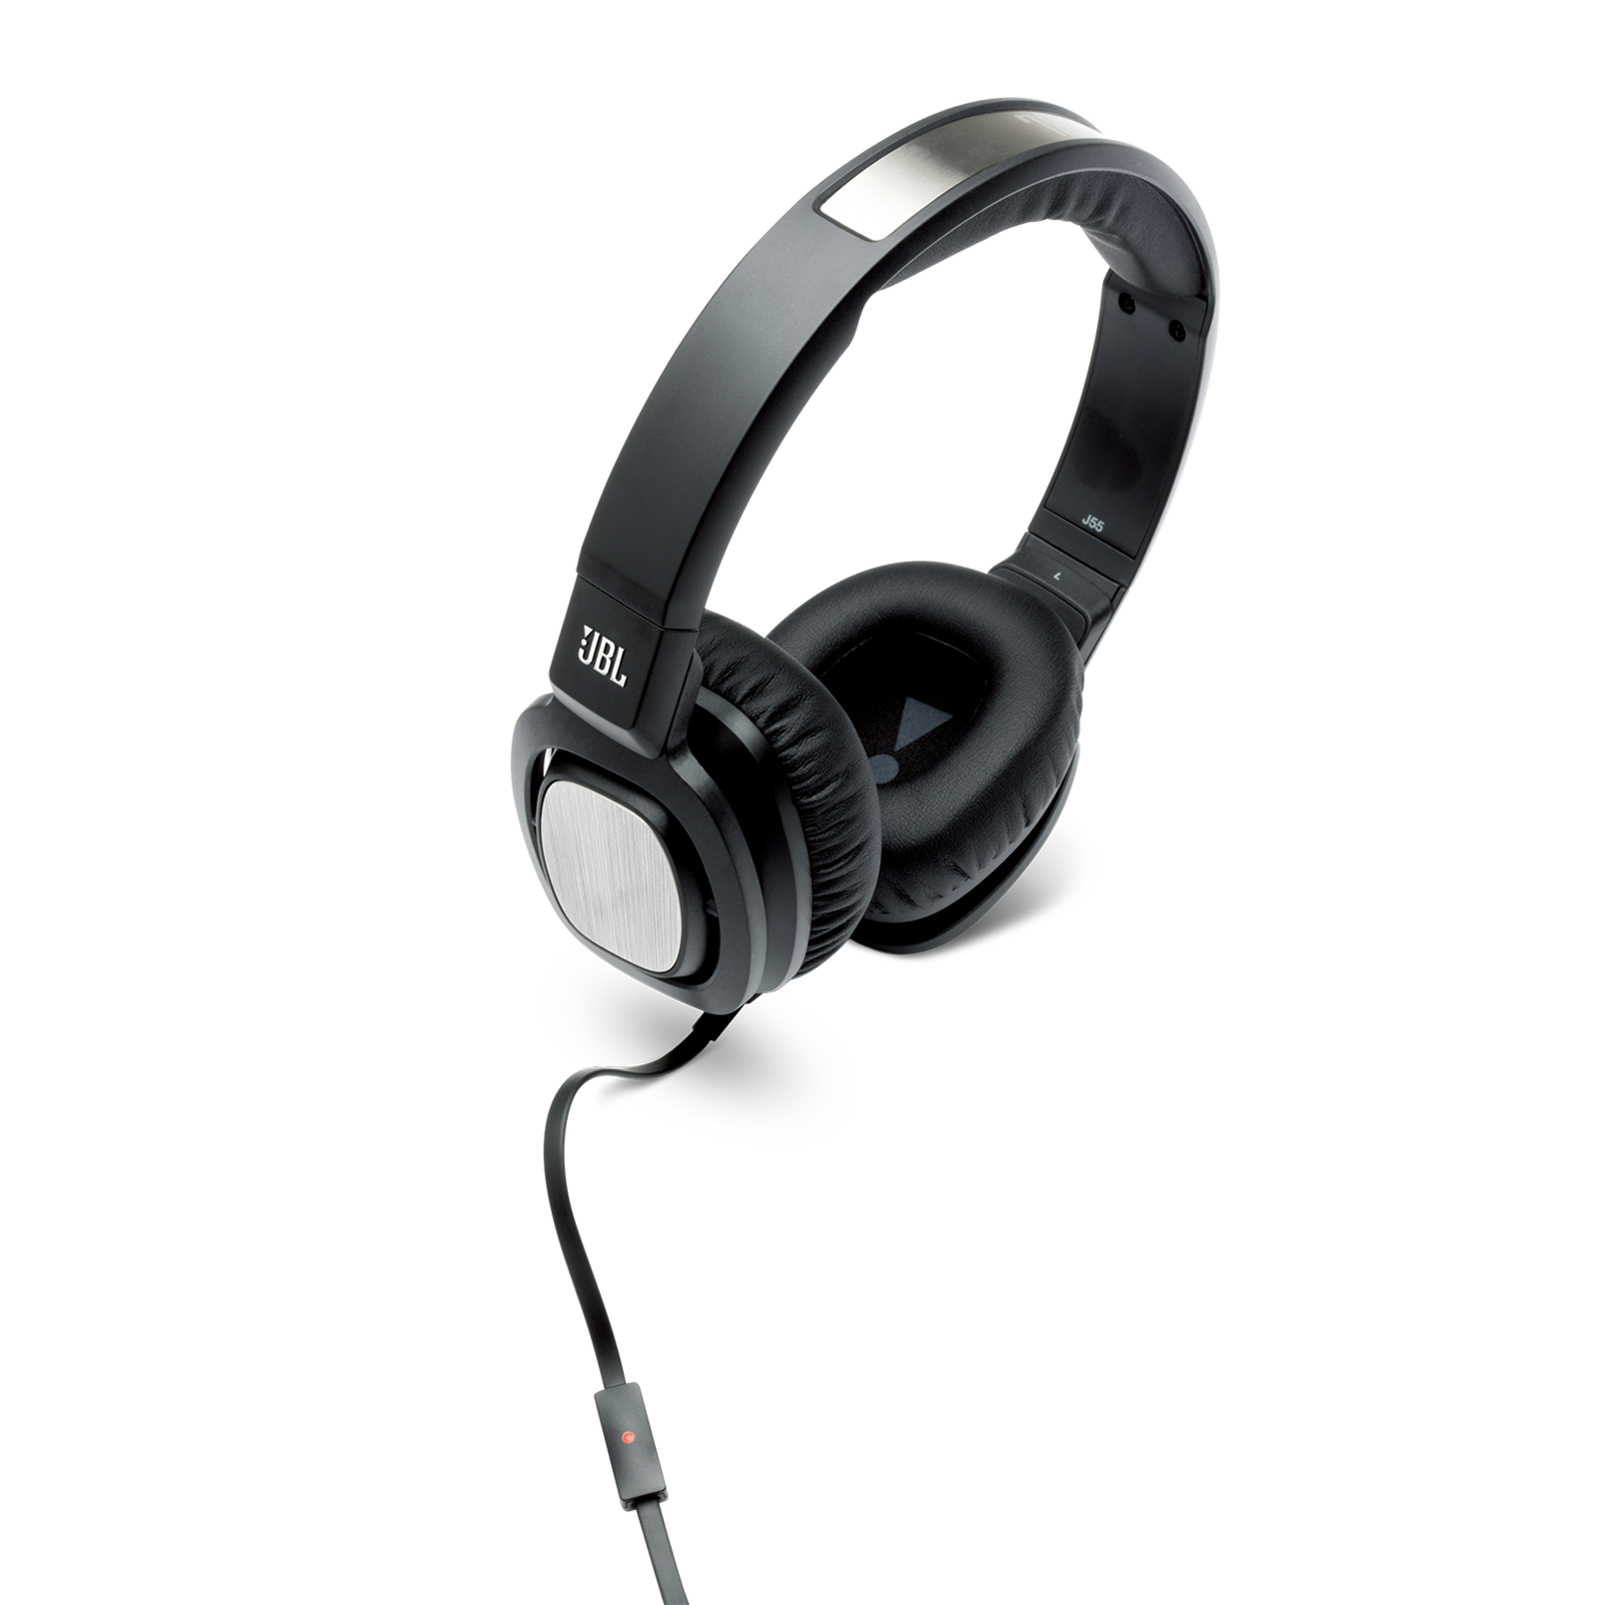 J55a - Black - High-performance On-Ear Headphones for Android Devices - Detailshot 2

+--

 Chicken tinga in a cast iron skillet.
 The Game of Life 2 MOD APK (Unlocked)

+--

WORK TO COMPLETE ->
Everything in the material above from the line that has "Chicken tinga in a cast iron skillet." through the line that has "The Game of Life 2 MOD APK (Unlocked)" must be duplicated exactly, with no other lines given.

SOLUTION TO THIS TASK ->
 Chicken tinga in a cast iron skillet.
 The Game of Life 2 MOD APK (Unlocked)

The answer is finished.